Leaders of the student organization, which states that its mission is to create a forum for people interested in Arab language, culture and politics, said they hope to raise awareness about the crisis in Syria and to foster Arab solidarity.
“My hope is that this clothing drive will not only provide a direct way to help the refugees, but also to raise awareness about the magnitude of the Syrian crisis,” said Ama Frederickson ’17, secretary of the Arab Student Association.
At the moment, five clothing collection boxes exist across campus in locations including Willard Straight Hall, Hans Bethe House and Anabel Taylor Hall. Plans are underway to expand to North Campus, with donation sites recently setup at Balch Hall and Robert Purcell Community Center.
To ensure the safe arrival of the winter garments, the Arab Student Association is working with two humanitarian non-profit organizations, Helping Hand USA and Sunrise USA. Donated clothes will first be sent to Helping Hand USA, based in Michigan, and Sunrise USA, based in the United Kingdom, and then distributed.
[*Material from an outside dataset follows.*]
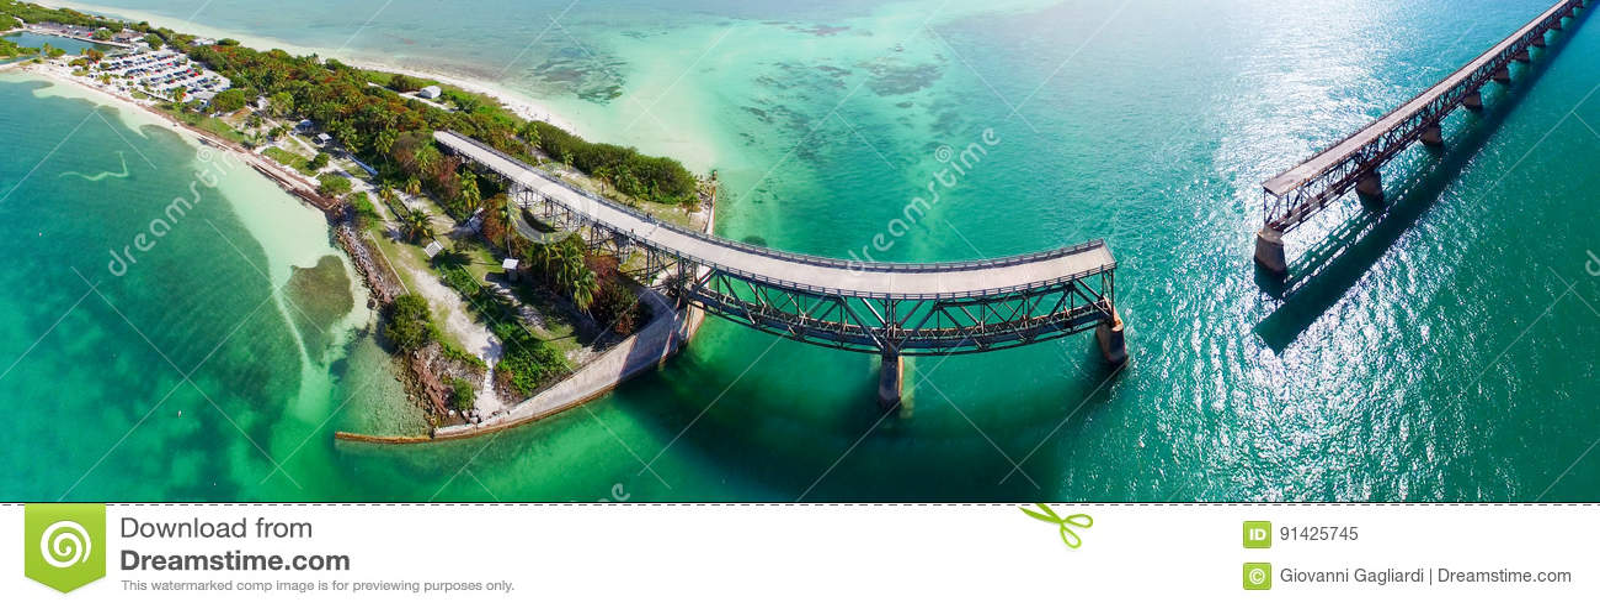 De panoramische luchtmening van Bahia Honda Bridge over Weg Overzee - F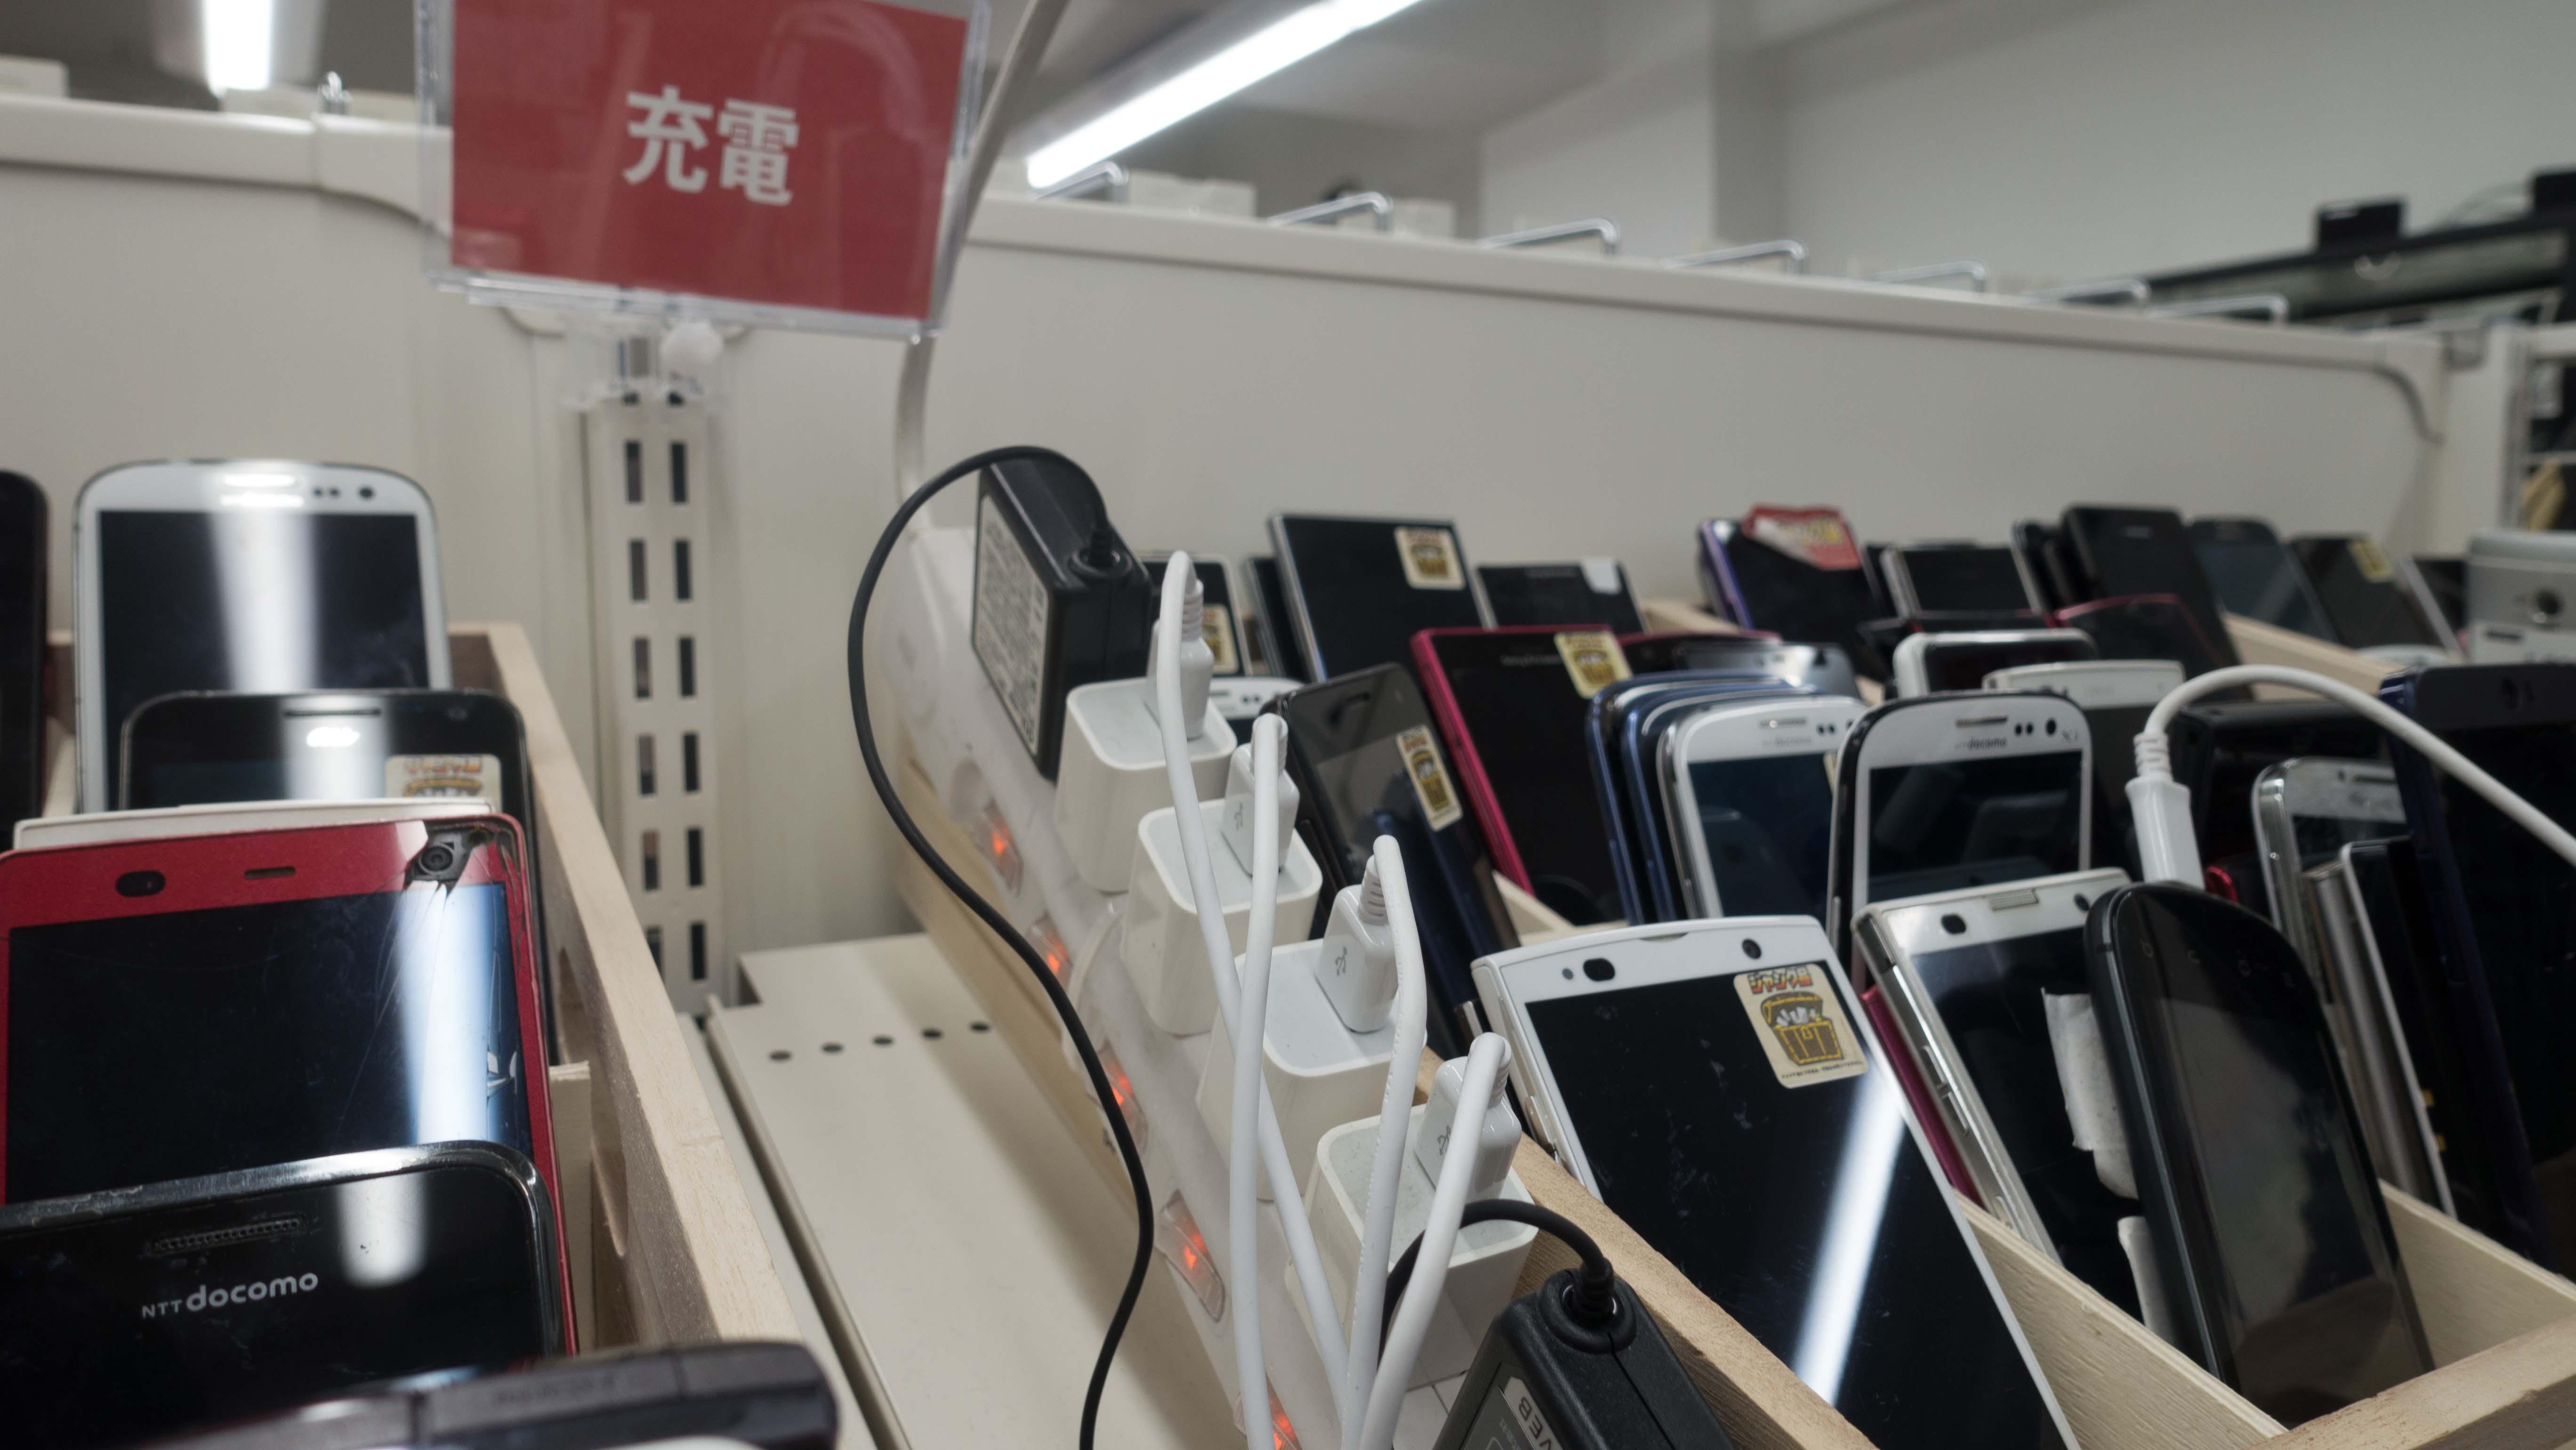 【レポート】ジャンク端末が集まるお店「ワールドモバイル アキバ店」に行きました

The organization has been planning the clothing drive for a while, according to philanthropy chair Ahmad Sabbagh ’17, who spearheaded the project.
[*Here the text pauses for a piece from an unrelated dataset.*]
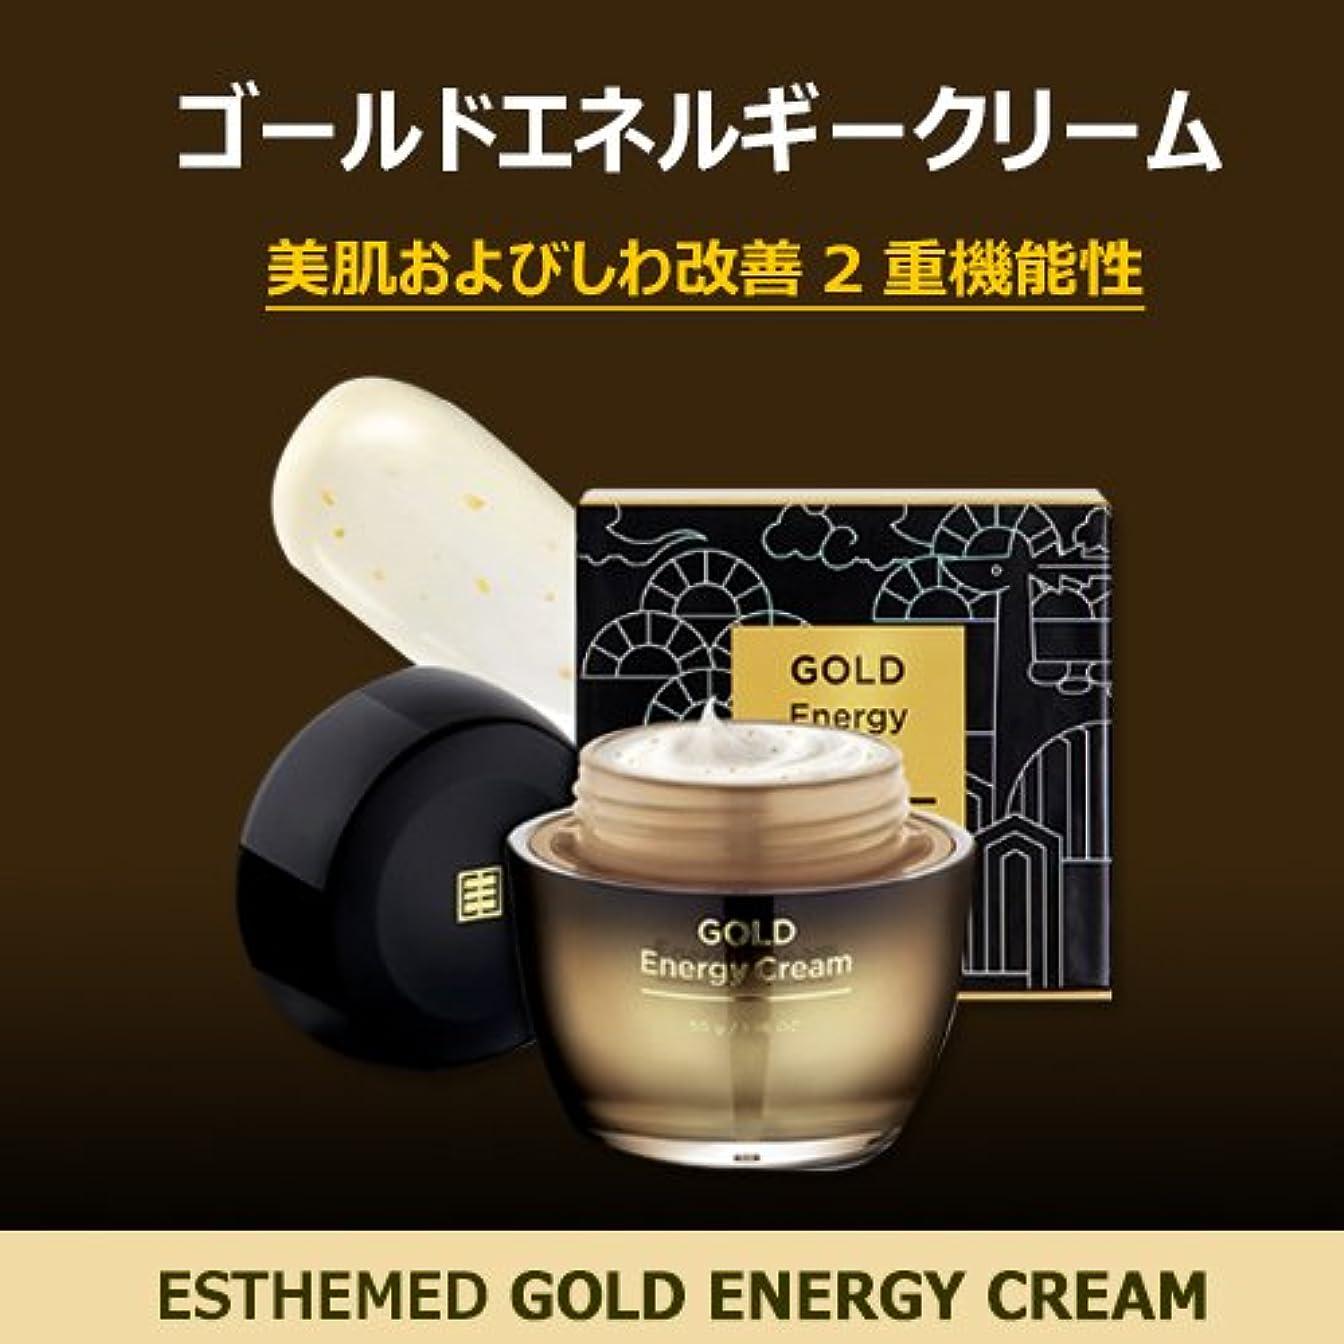 悪意のある好戦的な金曜日ESTHEMED エステメド ゴールド エネルギー クリーム GOLD Energy Cream 50g 【 シワ改善 美肌 保湿 回復 韓国コスメ 】

“As a Syrian, I came into the Arab Student Association wanting to do something big to help the Syrian people, who have been suffering for a long time, and the clothing drive was just one idea,” Sabbagh said. “However, it wasn’t until I attended a forum on the Syrian refugee crisis hosted by the South Asian Council a few weeks ago and received such a positive response and support from the dozens of attendees that I felt confident the clothing drive would have a great turnout on this campus.”
Additionally, students in the organization are discussing plans to extend the clothing drive and host a monetary fundraiser in the future.
Salma Shitia ’18, co-president of the group, said she believes the refugee situation is an urgent humanitarian crisis.
“Doesn’t collecting clothes demonstrate the magnitude of this crisis?” Shitia said. “Refugees struggle to find clothes to cover their body, a fear we as Cornellians, I would hope, rarely experience. If we could just donate one item of clothing that became too small or too big on our bodies, we could benefit another human being’s hope for survival.”